Your copy should begin with the line containing "Characters share comically", end with the line containing "Leptophis ahaetulla, parrot", match the listing below exactly, and contain no pictures.

### Raw data
════════════════════

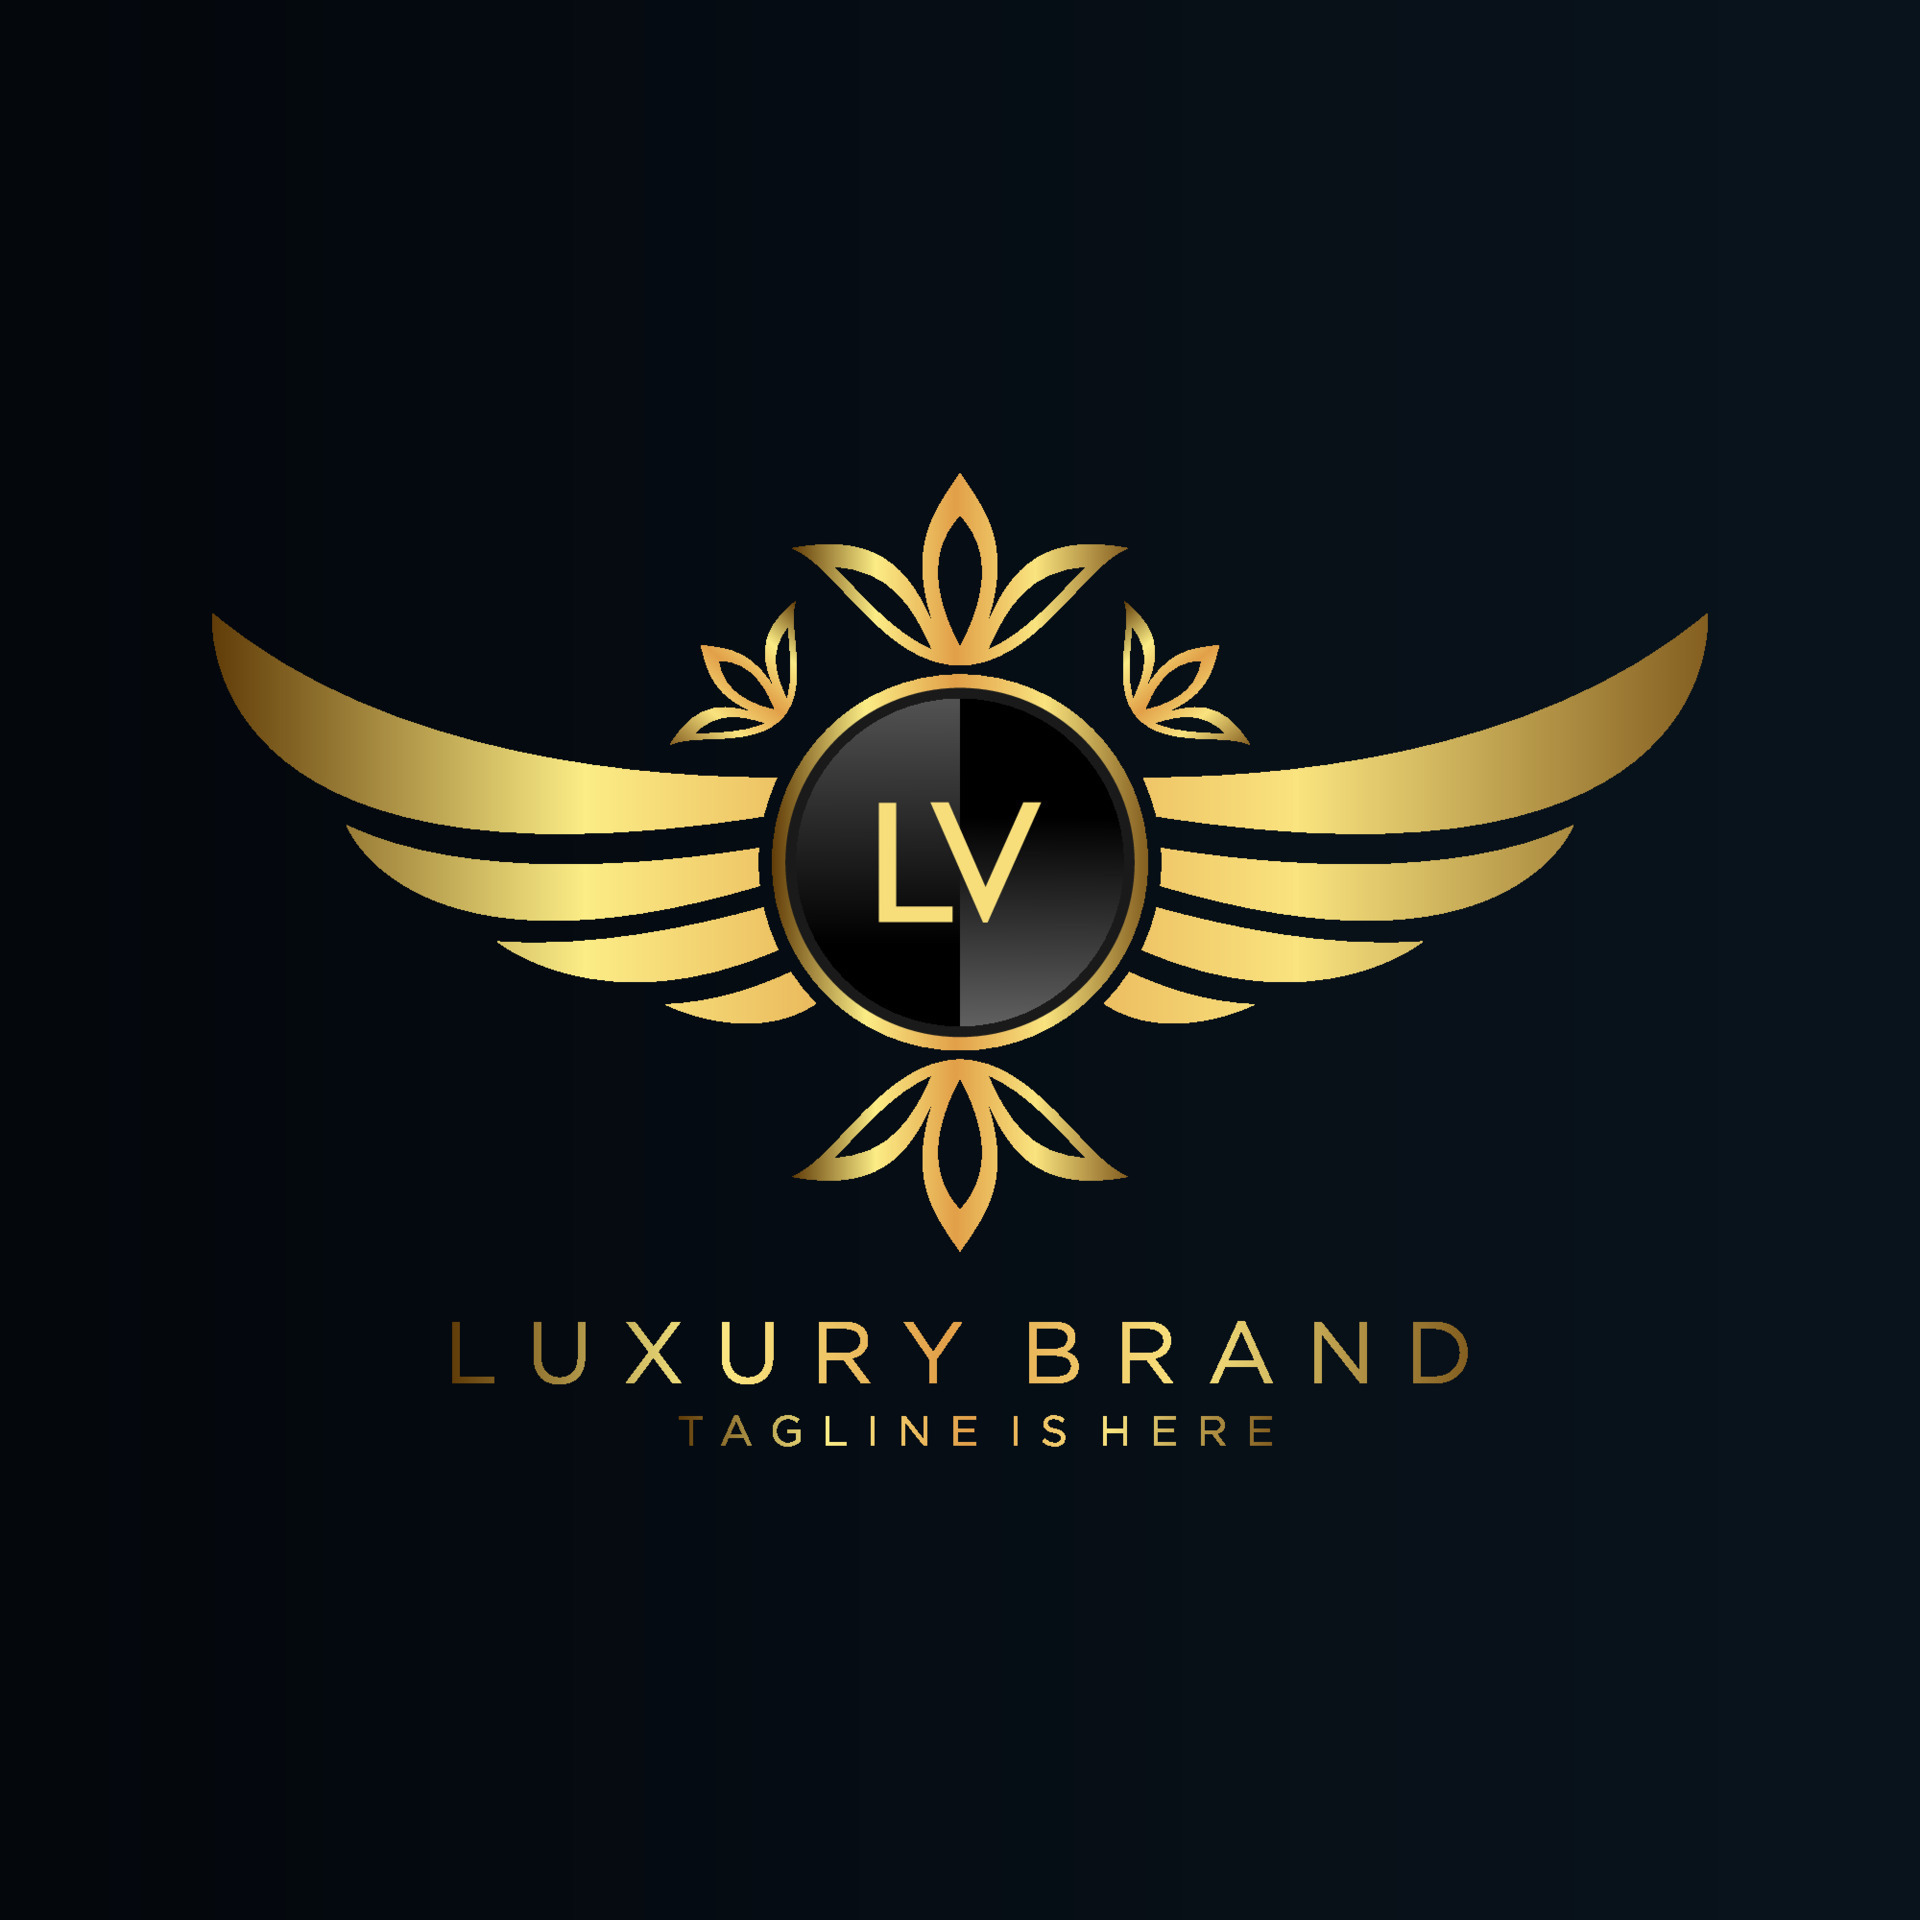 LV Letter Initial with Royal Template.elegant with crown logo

════════════════════

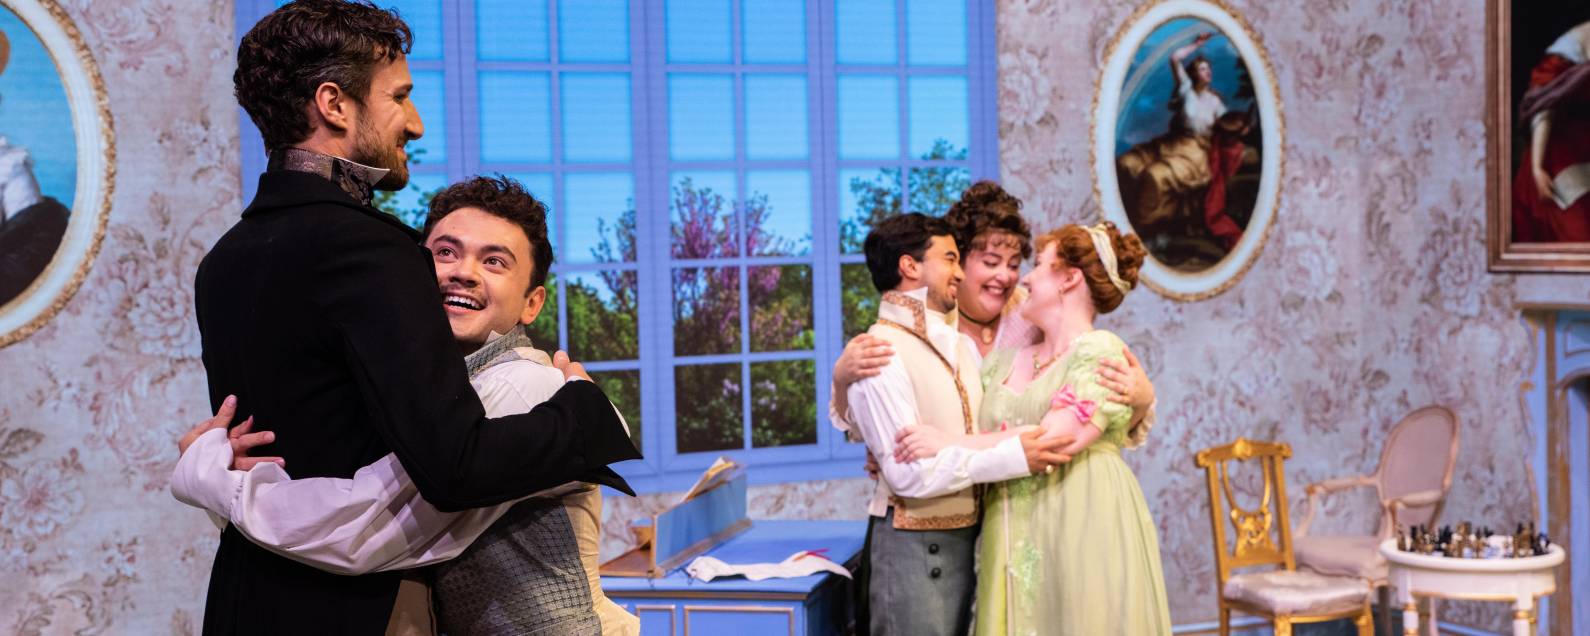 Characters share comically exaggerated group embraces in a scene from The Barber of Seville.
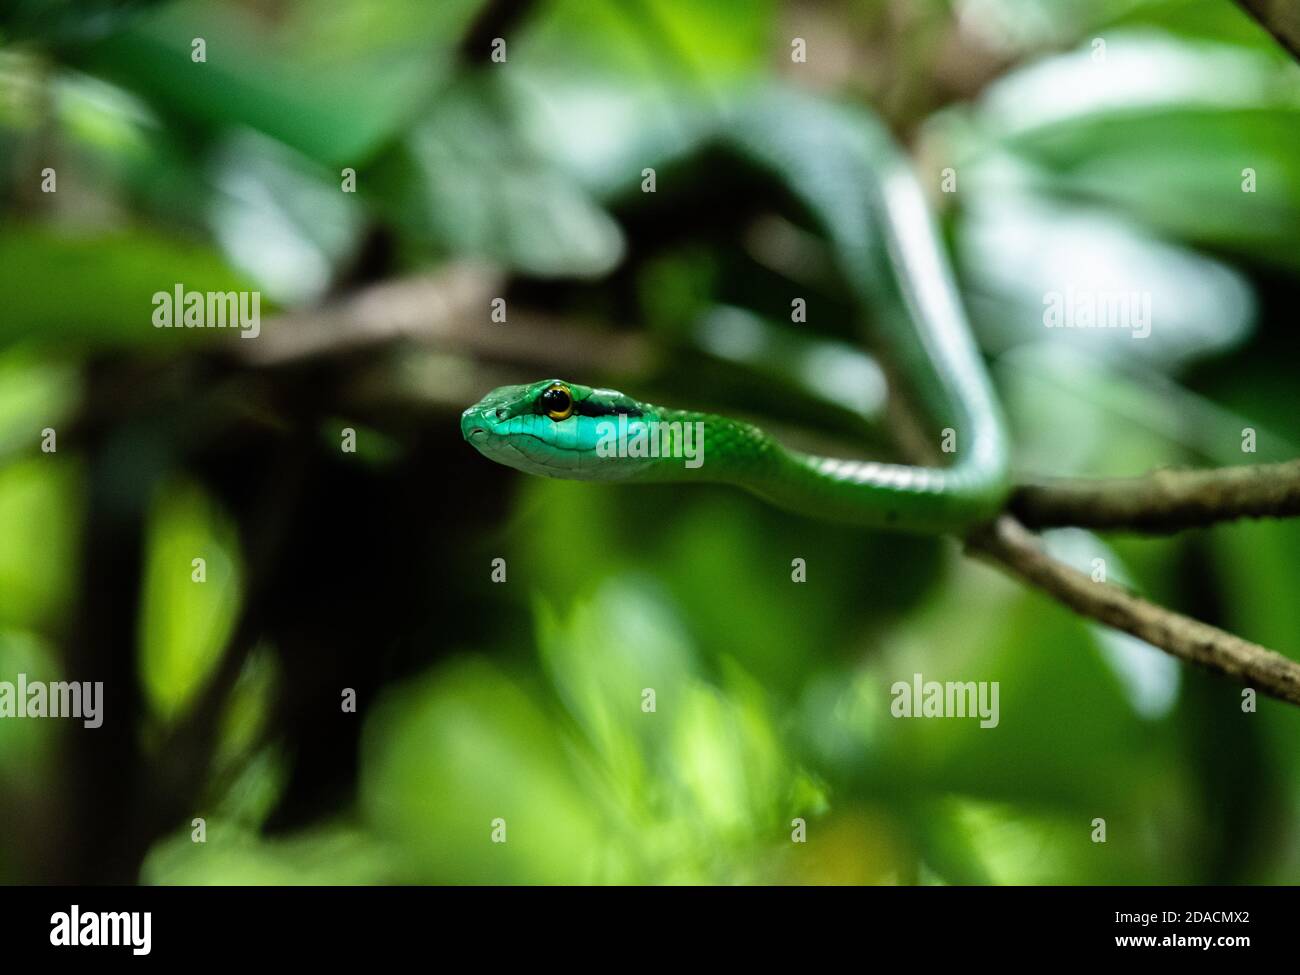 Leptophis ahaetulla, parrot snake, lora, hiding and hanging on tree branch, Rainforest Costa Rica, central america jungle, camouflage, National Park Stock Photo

════════════════════

### Completed task
 Characters share comically exaggerated group embraces in a scene from The Barber of Seville.
 Leptophis ahaetulla, parrot snake, lora, hiding and hanging on tree branch, Rainforest Costa Rica, central america jungle, camouflage, National Park Stock Photo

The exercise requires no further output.